--- Exercise details ---
Using the records below, transcribe word for word the stretch from the line that contains "Bush Sugar Baby Watermelon Seeds Ne Seed" through the line that contains "5 шт./упак. CR2430", both end lines included, and nothing else.
*** Exercise material ***
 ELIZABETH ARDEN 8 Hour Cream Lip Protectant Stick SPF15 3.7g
***
*** Exercise material ***
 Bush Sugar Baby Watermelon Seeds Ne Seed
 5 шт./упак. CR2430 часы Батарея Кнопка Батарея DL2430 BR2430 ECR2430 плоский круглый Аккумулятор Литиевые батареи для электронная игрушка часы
***
*** Exercise material ***
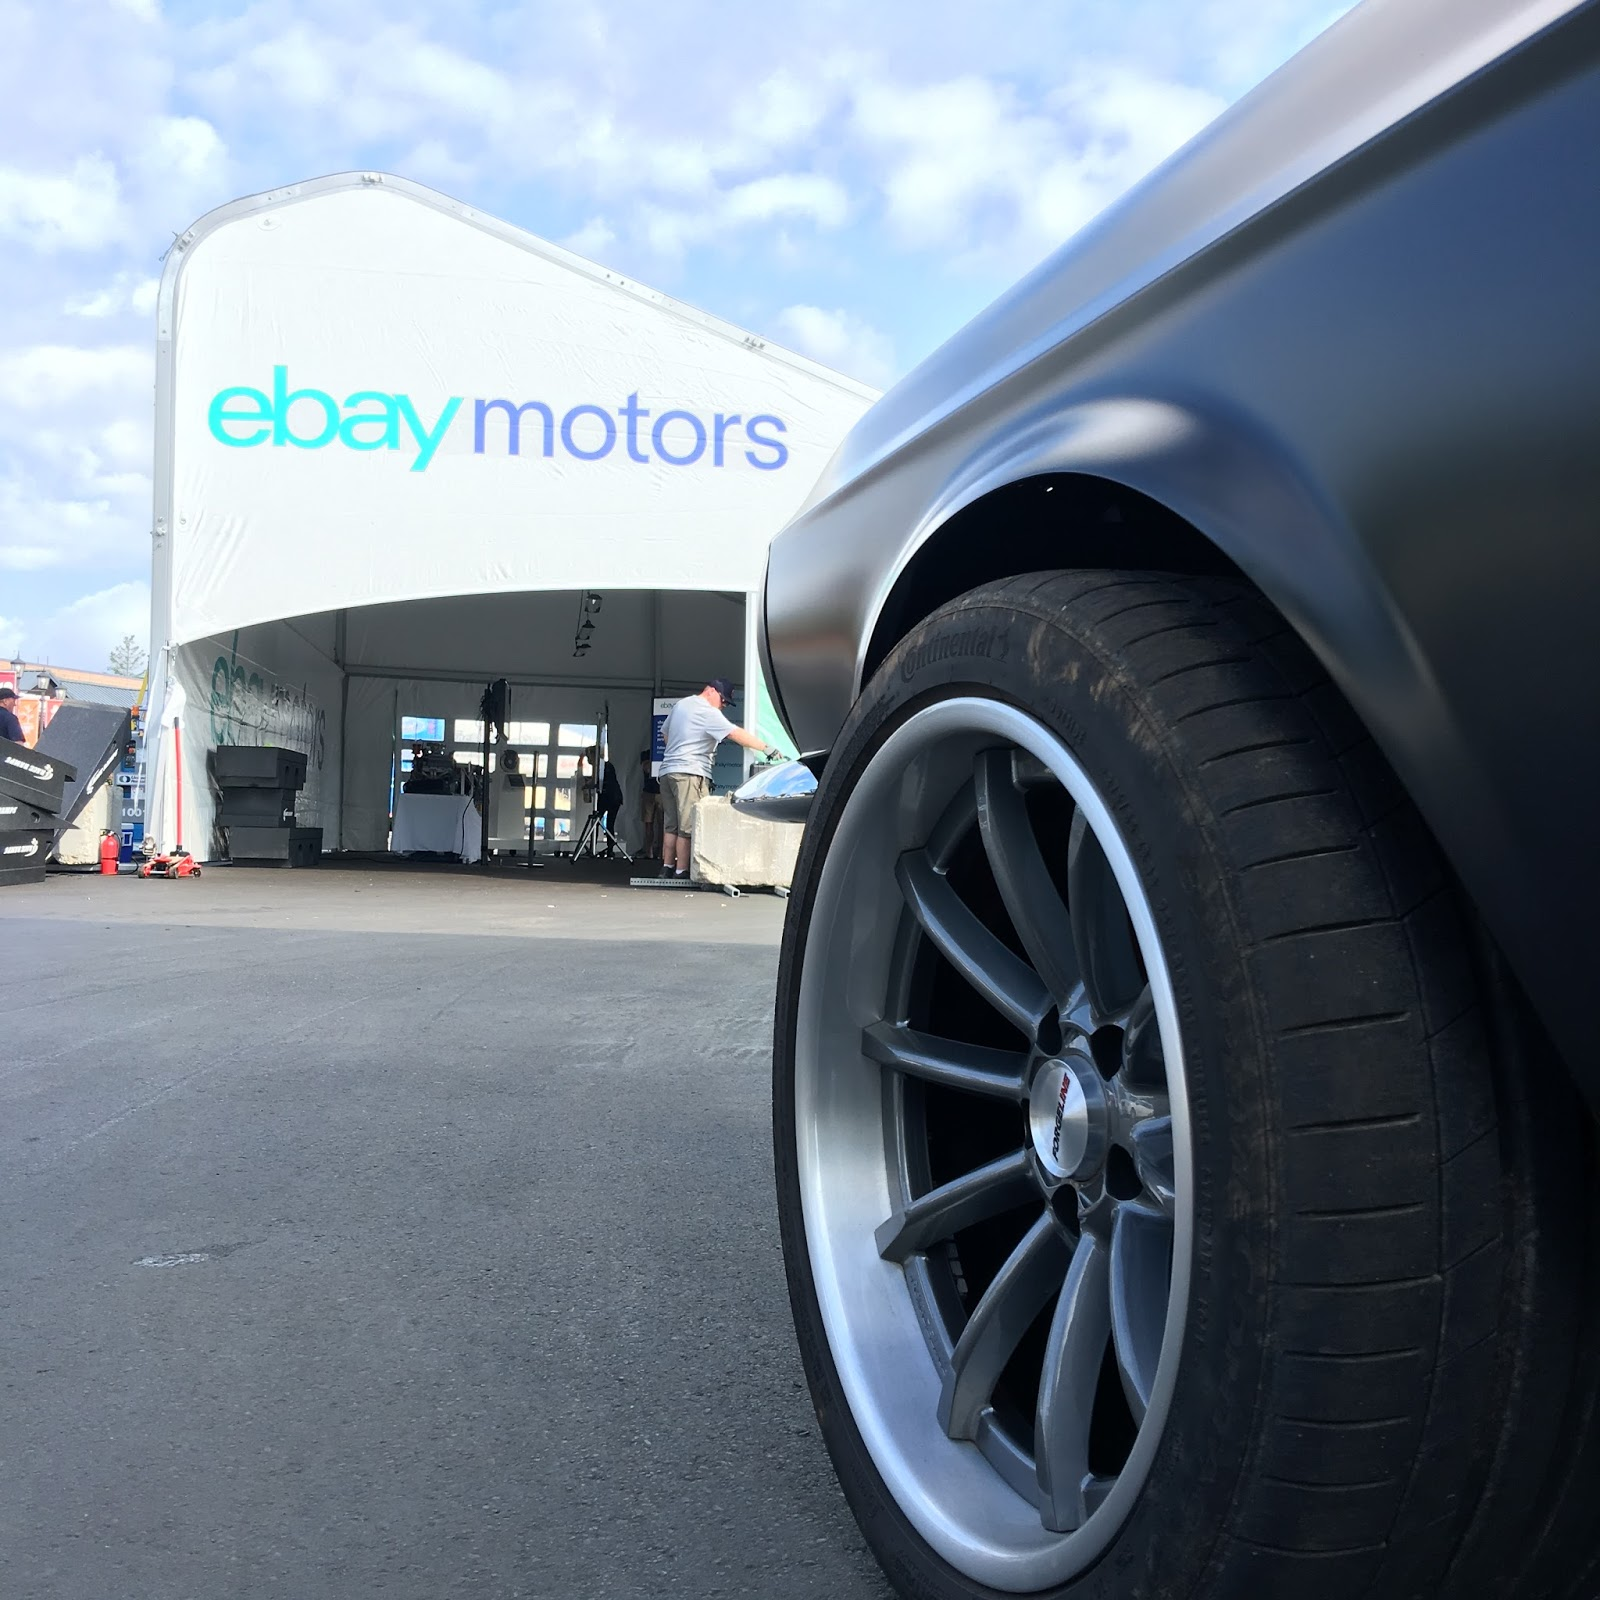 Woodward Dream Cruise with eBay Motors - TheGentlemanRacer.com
***
--- Task answer ---
 Bush Sugar Baby Watermelon Seeds Ne Seed
 5 шт./упак. CR2430 часы Батарея Кнопка Батарея DL2430 BR2430 ECR2430 плоский круглый Аккумулятор Литиевые батареи для электронная игрушка часы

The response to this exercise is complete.